SEMCO will potentially face some higher gas costs, which it will flow through to its customers, as approximately 15% of SEMCO's gas supply comes from Canada. Should tariffs remain in place in the long term, this will drive higher inflation at our Utilities and lead to higher customer bills. With that, we'll open the call up for Q&A.
Thank you. Ladies and gentlemen, we will now conduct the analyst question and answer session. If you would like to ask a question, please press star then number one on your telephone keypad. If you would like to withdraw from the question queue, please press star then number two. There will be a brief pause while we compile the Q&A roster. Your first question will be from Rob Hope at Scotiabank. Please go ahead, Rob.
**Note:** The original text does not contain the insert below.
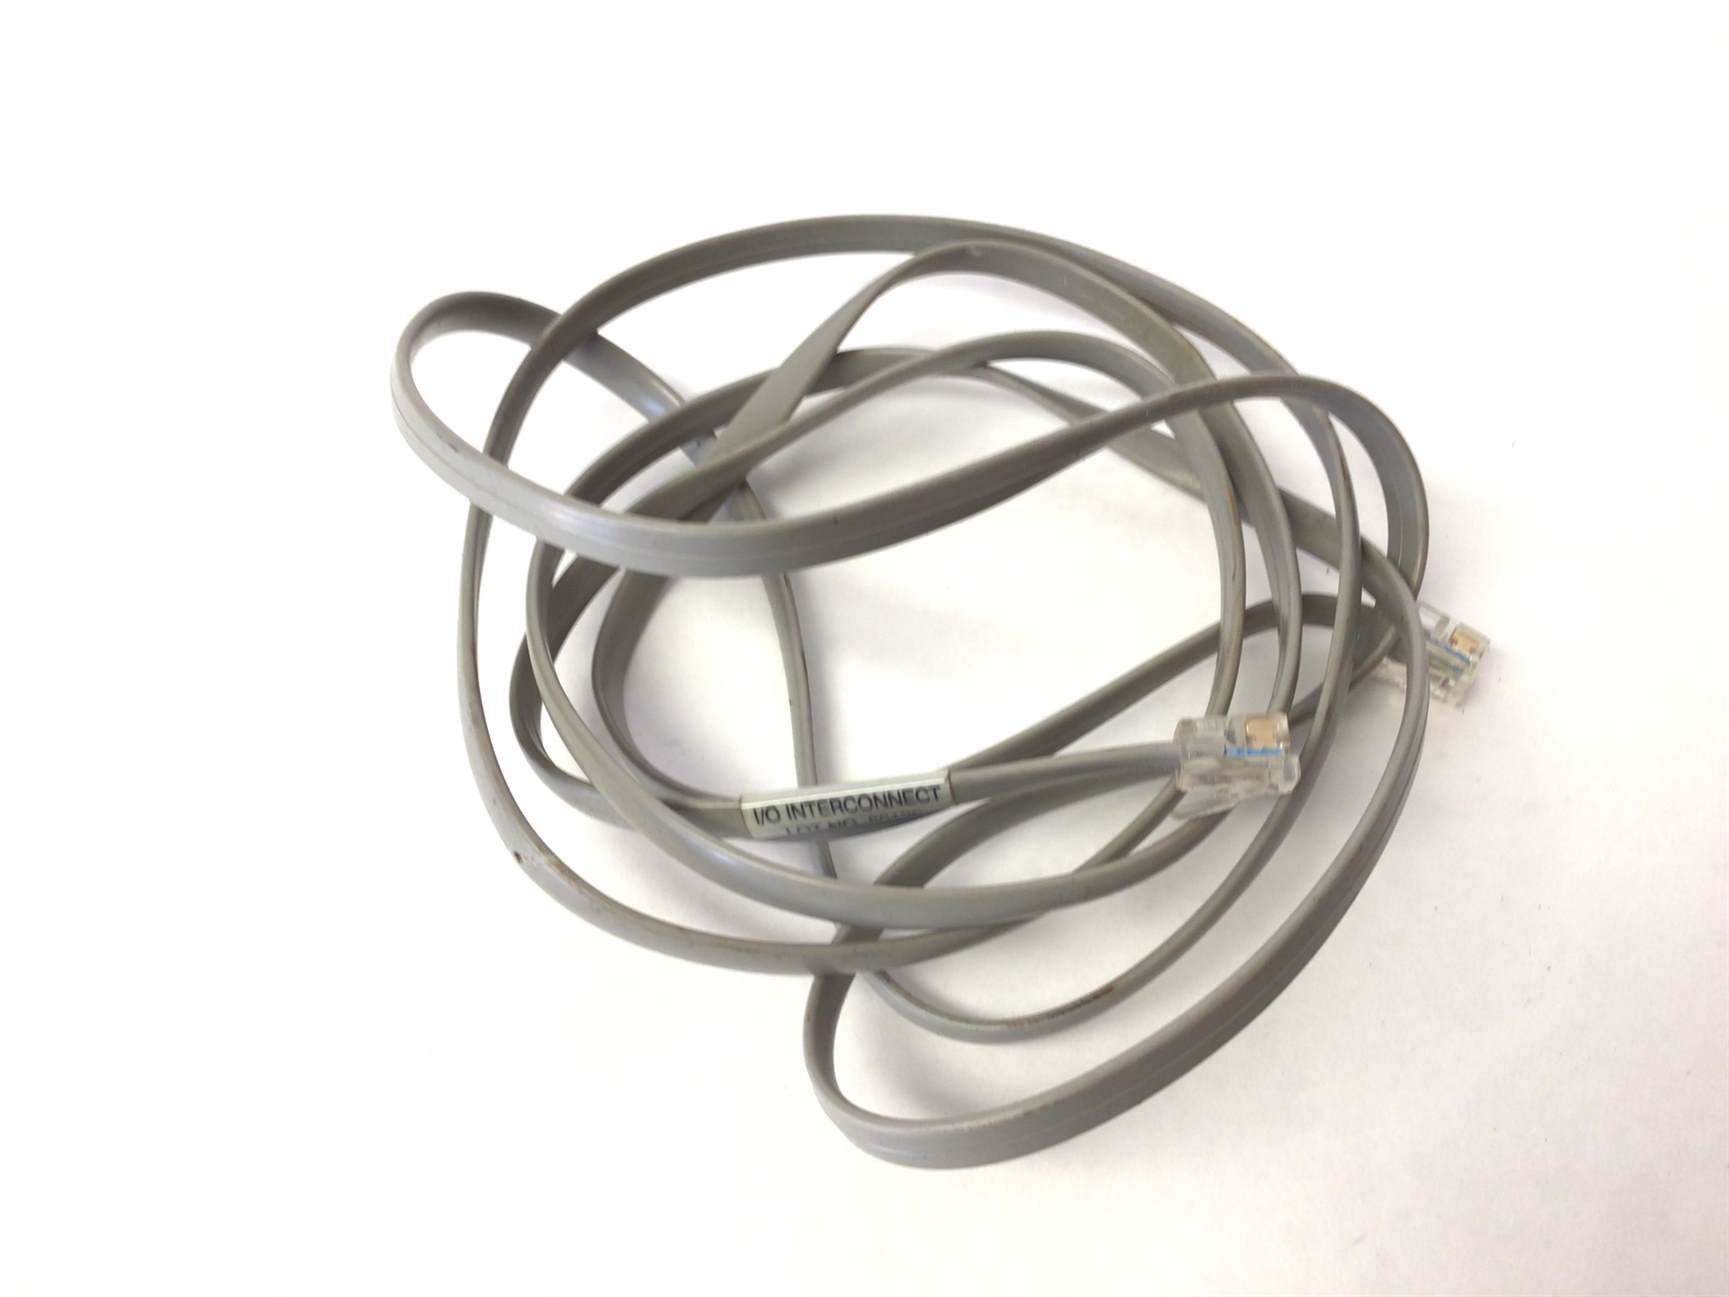 Trimline Schwinn Nautilus 6 pin I/O Interconnect Wire Harness

Good morning, everyone. First comment or first question is on the 2025-2026 NGL year. You know, just realizing that it is dynamic, can you maybe add a little bit more color on why you're not giving the full year guidance and potentially holding some back? Is that to reflect the potential that you could see increased margins if tariffs do get enacted or when they get enacted? I guess secondly on that, are you seeing new customers or increased appetite for tolling from the facility due to diversification of markets?
Hey, Rob, it's Vern here. Can you just clarify that first part of your question on what you mean by the NGL year and the guidance?
Yeah, like I'm just wondering for the export volumes that you're financially hedging, you know, you're only giving the 87% for H1, and you did notice that it is dynamic, the environment. Just wondering if you're holding, if you're willing to take some additional exposure there, just given the fact that the spreads could widen in your favor.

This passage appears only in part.